==== INFORMATION ====

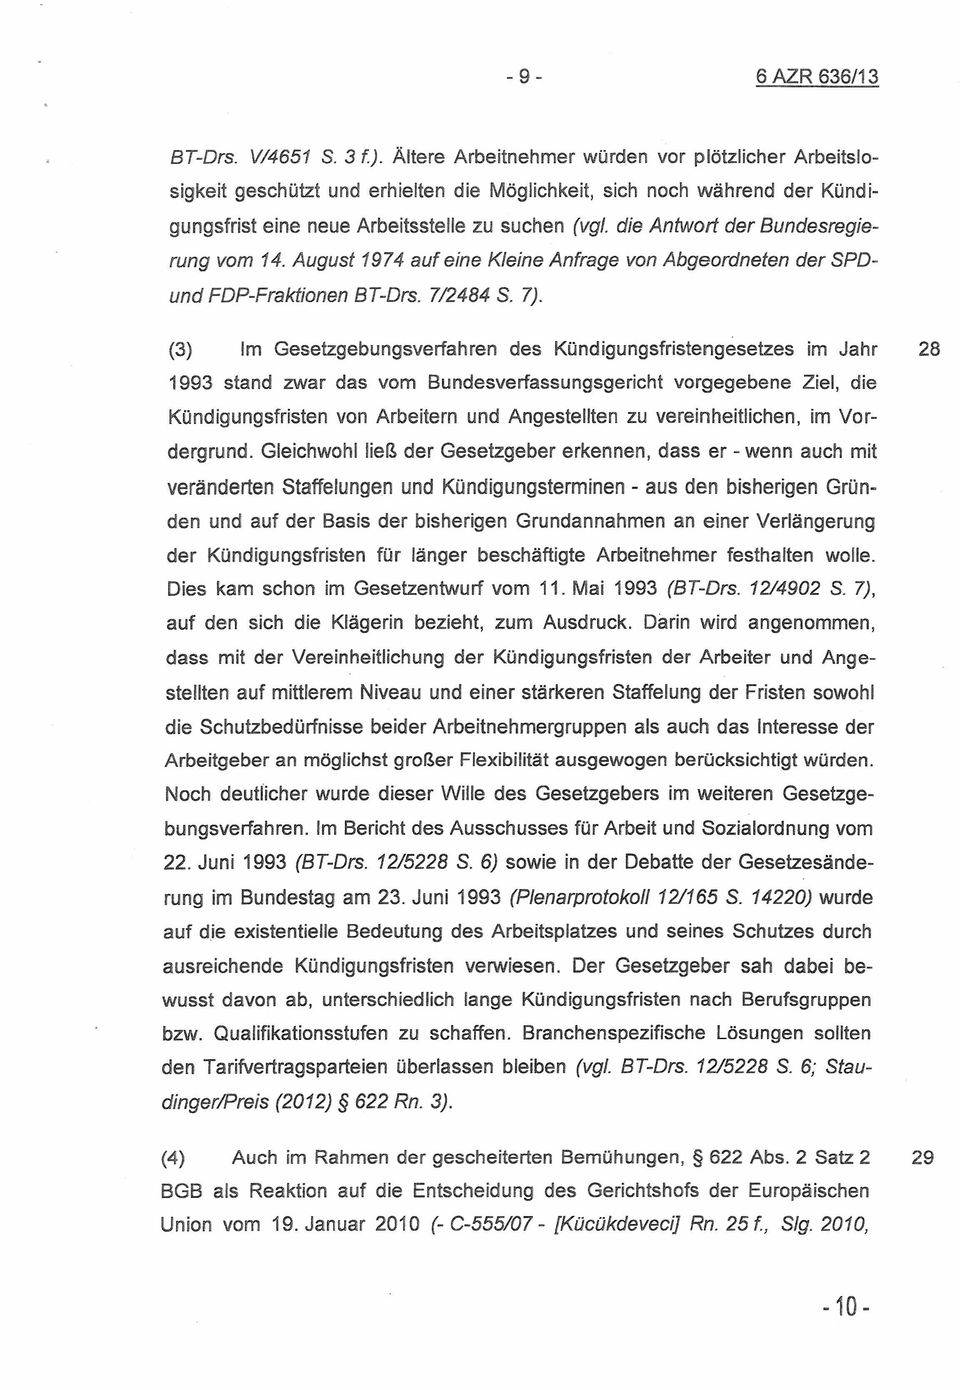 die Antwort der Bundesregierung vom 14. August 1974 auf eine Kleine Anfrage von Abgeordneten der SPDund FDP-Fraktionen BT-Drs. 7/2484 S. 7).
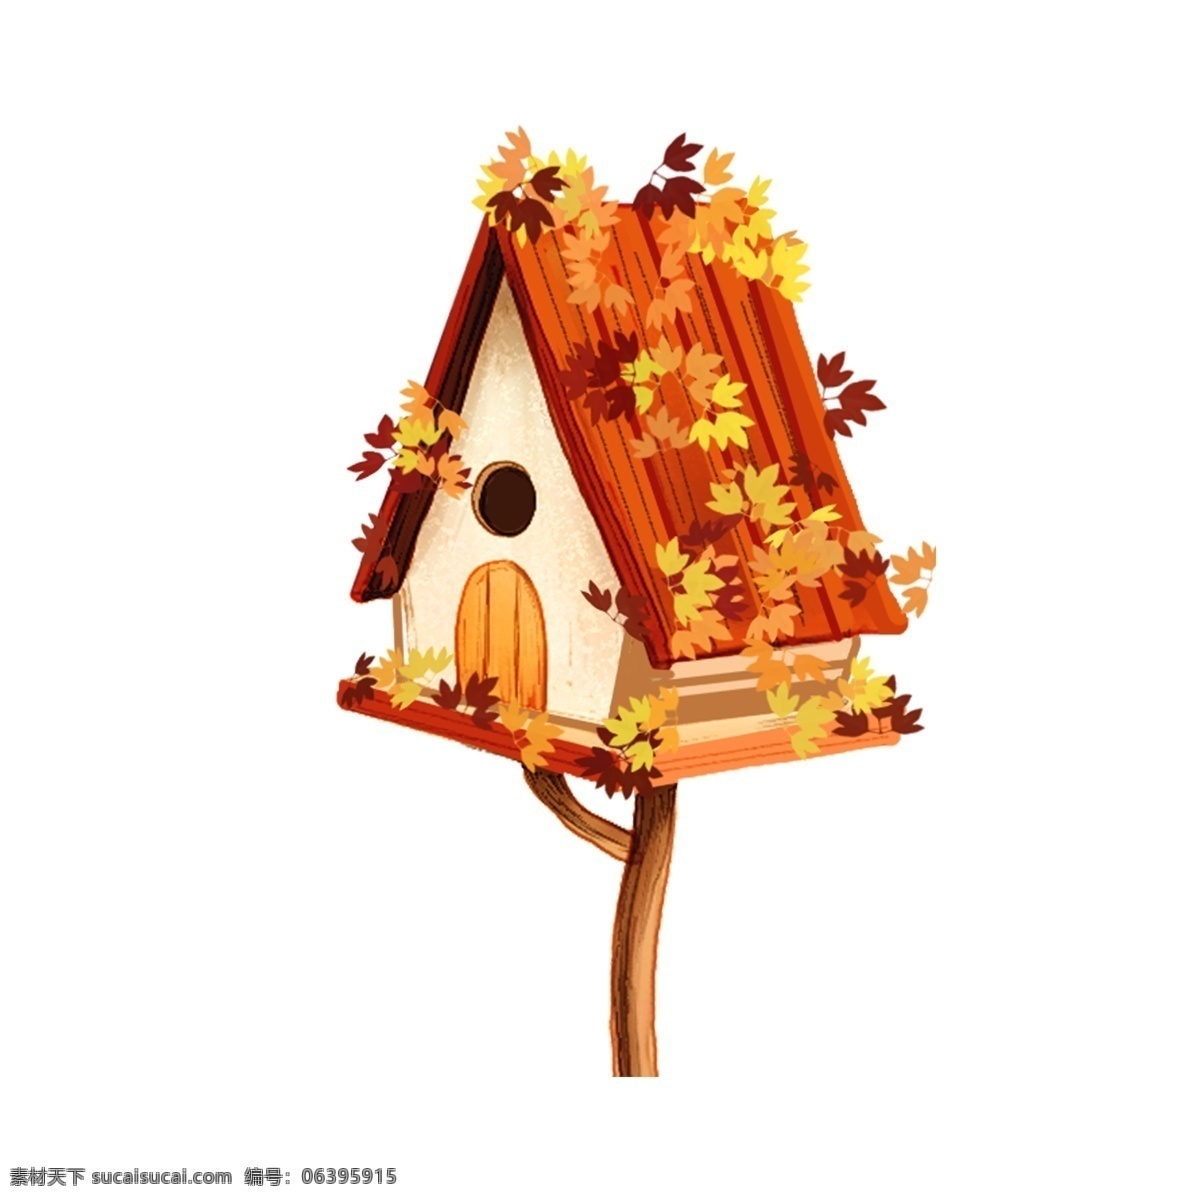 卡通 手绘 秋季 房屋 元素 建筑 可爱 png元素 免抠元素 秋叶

====
==== INFORMATION ====

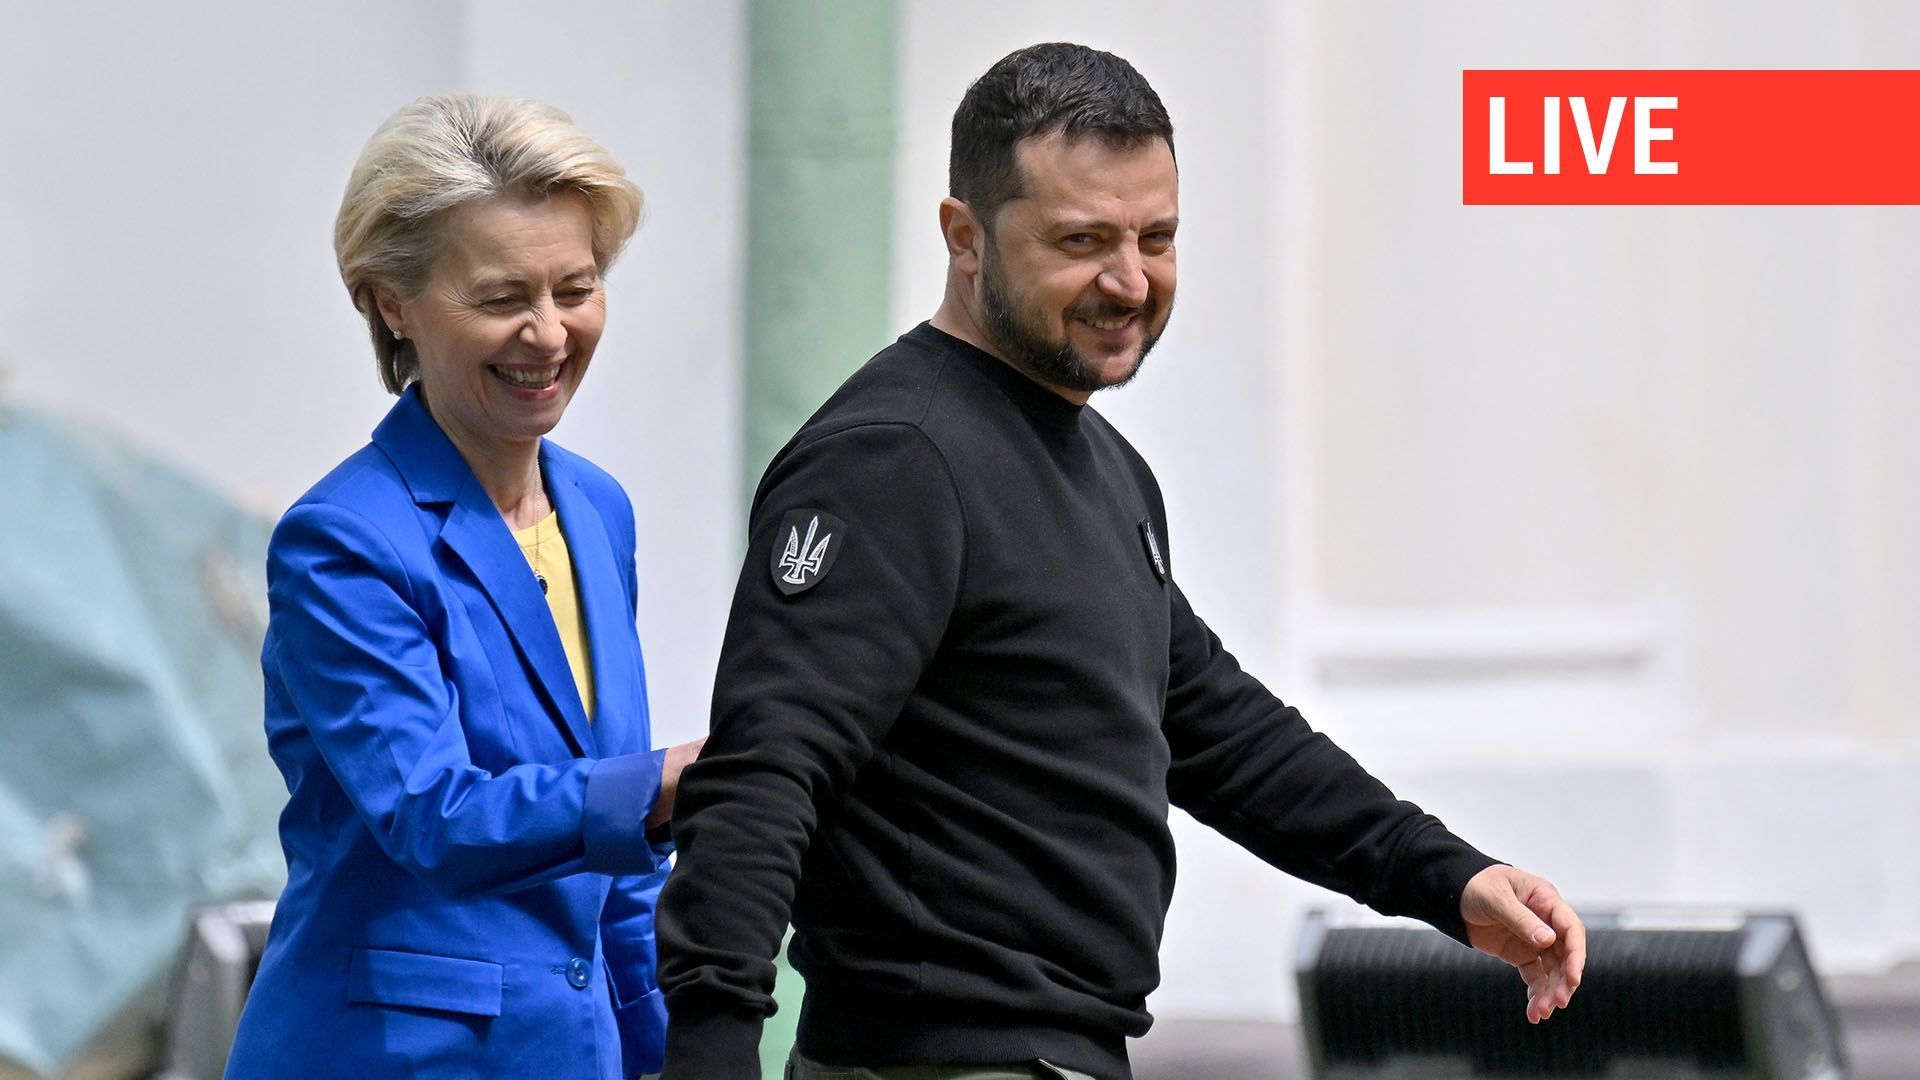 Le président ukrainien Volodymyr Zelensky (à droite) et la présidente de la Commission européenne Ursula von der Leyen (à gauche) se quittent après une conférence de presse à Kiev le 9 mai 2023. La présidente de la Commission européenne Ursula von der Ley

====

INSTRUCTIONS TO FOLLOW: Going back to the data above, write out everything from the line with "die Antwort der" down to the line with "卡通 手绘 秋季 房屋 元素 建筑 可爱 png元素 免抠元素 秋叶", both included, leaving every picture out.

ANSWER TO THE PROBLEM:
 die Antwort der Bundesregierung vom 14. August 1974 auf eine Kleine Anfrage von Abgeordneten der SPDund FDP-Fraktionen BT-Drs. 7/2484 S. 7).
 卡通 手绘 秋季 房屋 元素 建筑 可爱 png元素 免抠元素 秋叶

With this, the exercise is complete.